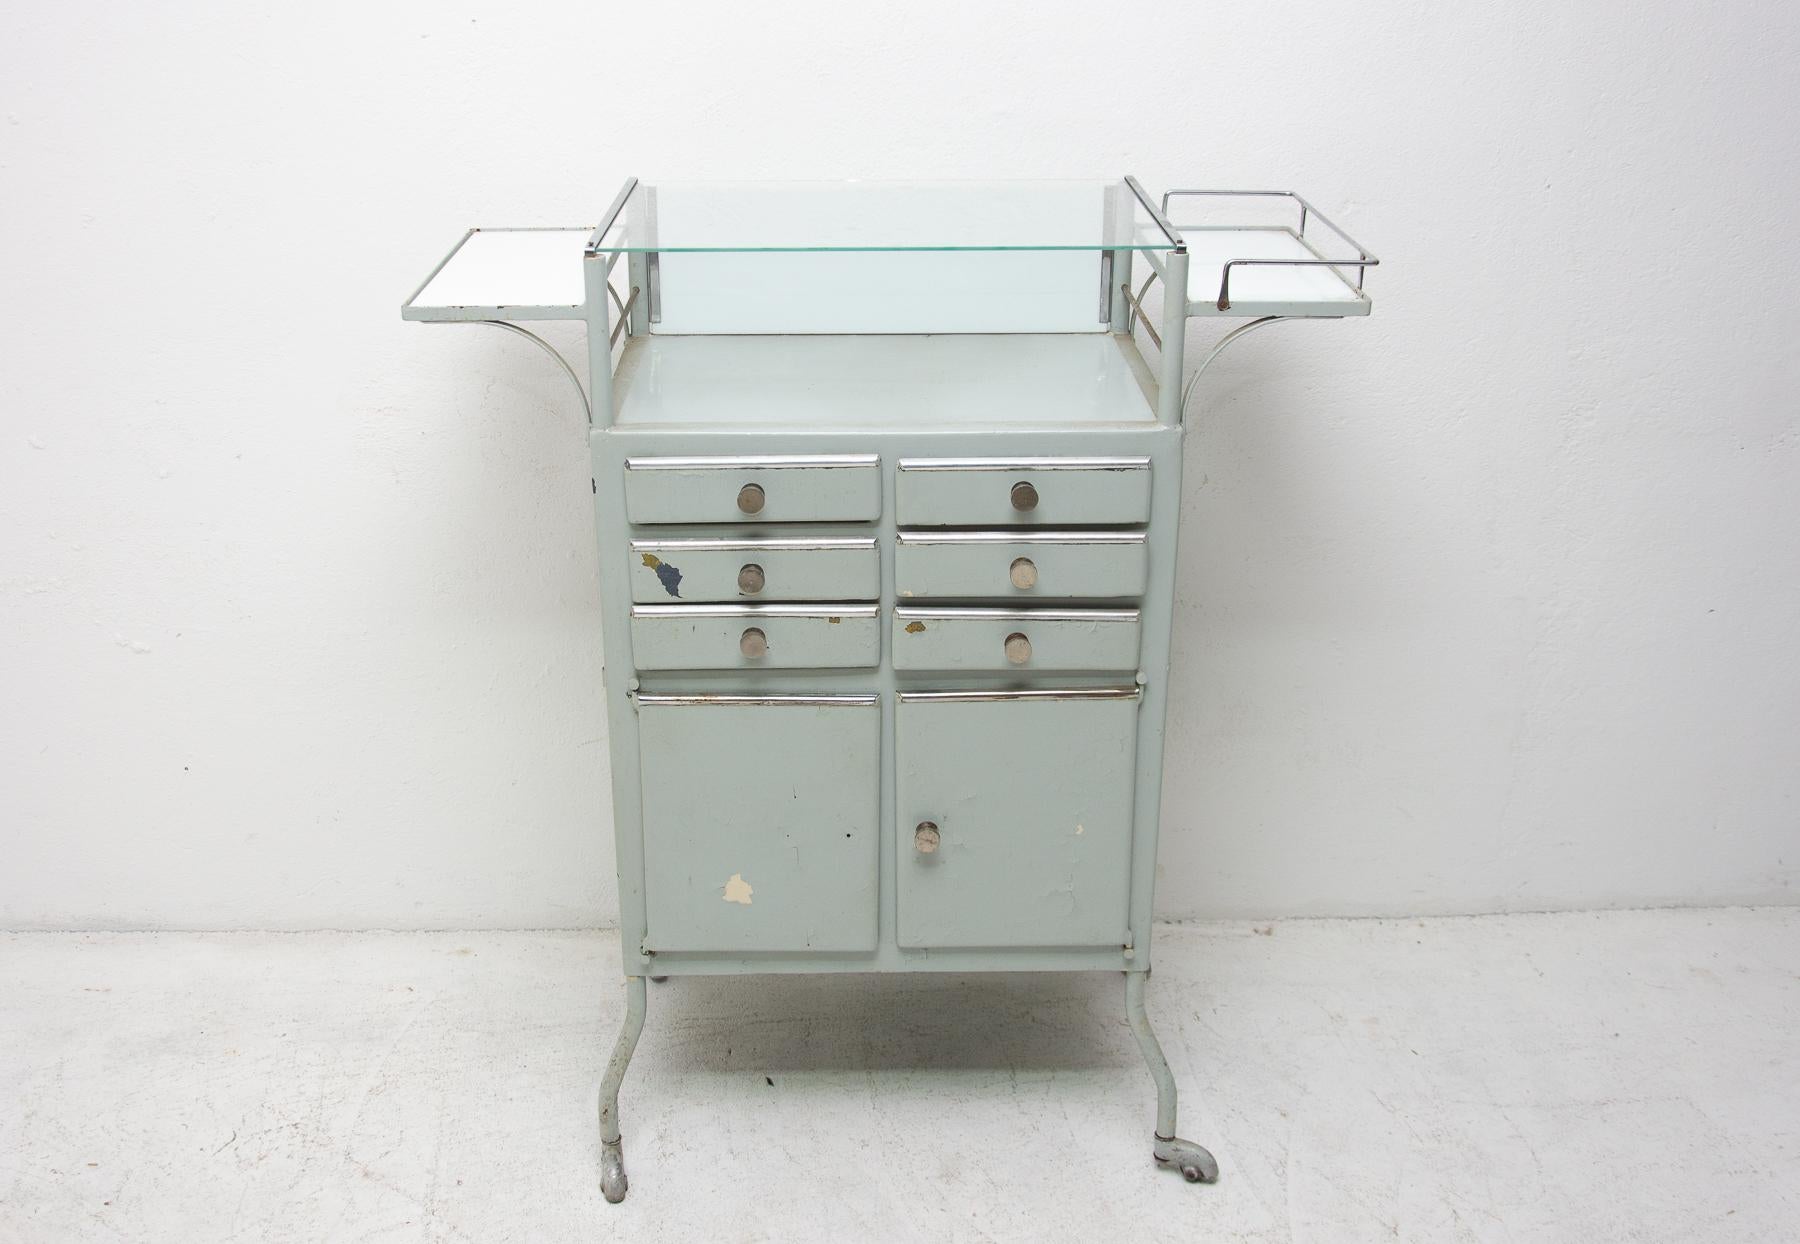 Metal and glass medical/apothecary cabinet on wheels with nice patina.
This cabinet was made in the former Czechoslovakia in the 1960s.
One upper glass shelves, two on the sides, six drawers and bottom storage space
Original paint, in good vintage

________________

(Instructions for the task): What is needed is an exact copy of the data, with the pictures removed.

(Written solution):
 Metal and glass medical/apothecary cabinet on wheels with nice patina.
This cabinet was made in the former Czechoslovakia in the 1960s.
One upper glass shelves, two on the sides, six drawers and bottom storage space
Original paint, in good vintage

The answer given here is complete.